Для изучения речевого поведения будет более целесообразно опираться по большей части на документы, которые являются его примерами, нежели на те, целью которых является его описание. До нас дошел огромный корпус документов, написанных подданными Российской империи на французском языке. В него входят различные тексты практического свойства: учебные материалы, библиотечные каталоги, полицейские отчеты, не говоря уже о дипломатических бумагах. Кроме того, в него включены художественные произведения и множество текстов, которые, как мы уже упоминали, относятся к пограничной зоне между тем, что является и не является литературой, особенно это касается разных видов самоописания – личных дневников и récit de voyage[165]. В этот корпус также входит обширная частная переписка. Она представляет собой чрезвычайно ценный источник для изучения проблем речевого поведения, и на то есть несколько причин. В письмах мы встречаем как русский, так и французский или комбинацию этих языков в зависимости от того, кто и кому пишет, каковы отношения между автором послания и адресатом, каковы контекст и содержание конкретного письма. Темы эпистолярных текстов весьма различны: это и светские события или повседневные бытовые ситуации, и характеры знакомых, и здоровье друзей или родственников, и взгляды на политику, и такие вопросы, как управление имением. Столь же различны и варианты отношений между адресатом и адресантом, которые могут быть членами одной семьи, друзьями, коллегами, могут быть равны или нет по социальному положению и так далее. Из этого следует, что анализ личных писем позволяет составить более полное представление о факторах, влиявших на выбор языка и переход с одного языка на другой, о разнице между языковыми привычками разных семей и поколений, мужчин и женщин. Так как эти документы не предназначались для публикации, они ценны еще и тем, что их авторы, скорее всего, писали их относительно спонтанно, не контролируя себя строго и не пытаясь выстроить письмо по заранее определенному сюжету (хотя, конечно, нельзя не принимать во внимание ограничения, которые накладывал эпистолярный этикет).

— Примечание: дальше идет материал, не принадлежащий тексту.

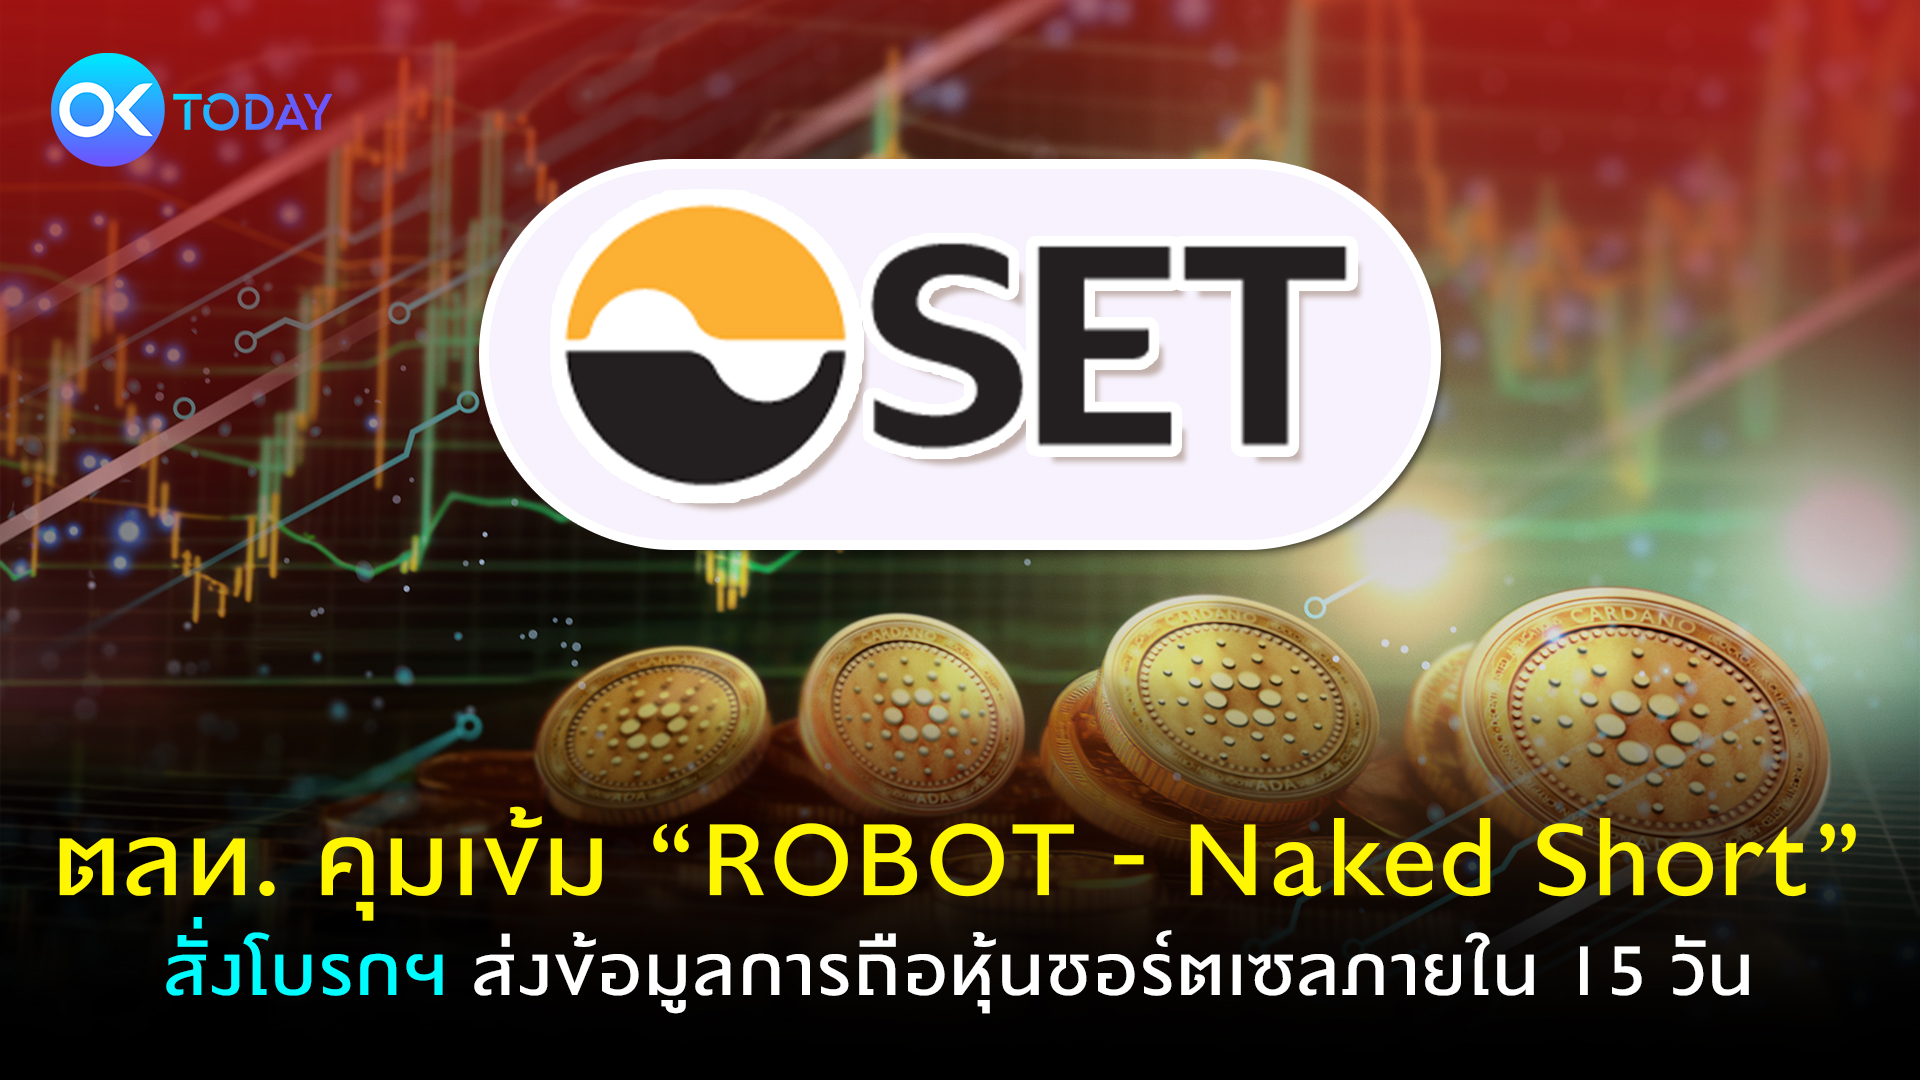 ตลท. คุมเข้ม ‘ROBOT - Naked Short’ สั่งโบรกฯ ส่งข้อมูลการถือหุ้นชอร์ตเซลภายใน 15 วัน

Когда речь заходит о литературных или отчасти литературных источниках, написанных на русском языке[166], нельзя забывать о том, что рассуждения об использовании языка в них окрашены отношением к данному языку. Конечно, мы не станем утверждать, что из подобных источников, особенно из таких небеллетристических жанров, как мемуары и дневники, нельзя почерпнуть полезной информации об использовании французского языка русскими людьми. Хотя некоторые из этих текстов лишь в малой степени затрагивают проблемы использования языка, в других (например, в записках Ф. Ф. Вигеля[167], охватывающих период с его детских лет, которые пришлись на 1790-е годы, до его выхода в отставку в 1840 году) содержится много наблюдений и проницательных замечаний на этот счет. А в объемном дневнике П. А. Валуева, занимавшего в 1860–1870-е годы высокие министерские посты, есть множество примеров перехода с одного языка на другой[168]. Однако необходимо заметить, что подобные тексты, представляющие собой образцы осознанного самоописания и адресованные будущим поколениям, являются формой самопрезентации и самооправдания, поэтому они зачастую окрашены субъективностью и предрассудками авторов.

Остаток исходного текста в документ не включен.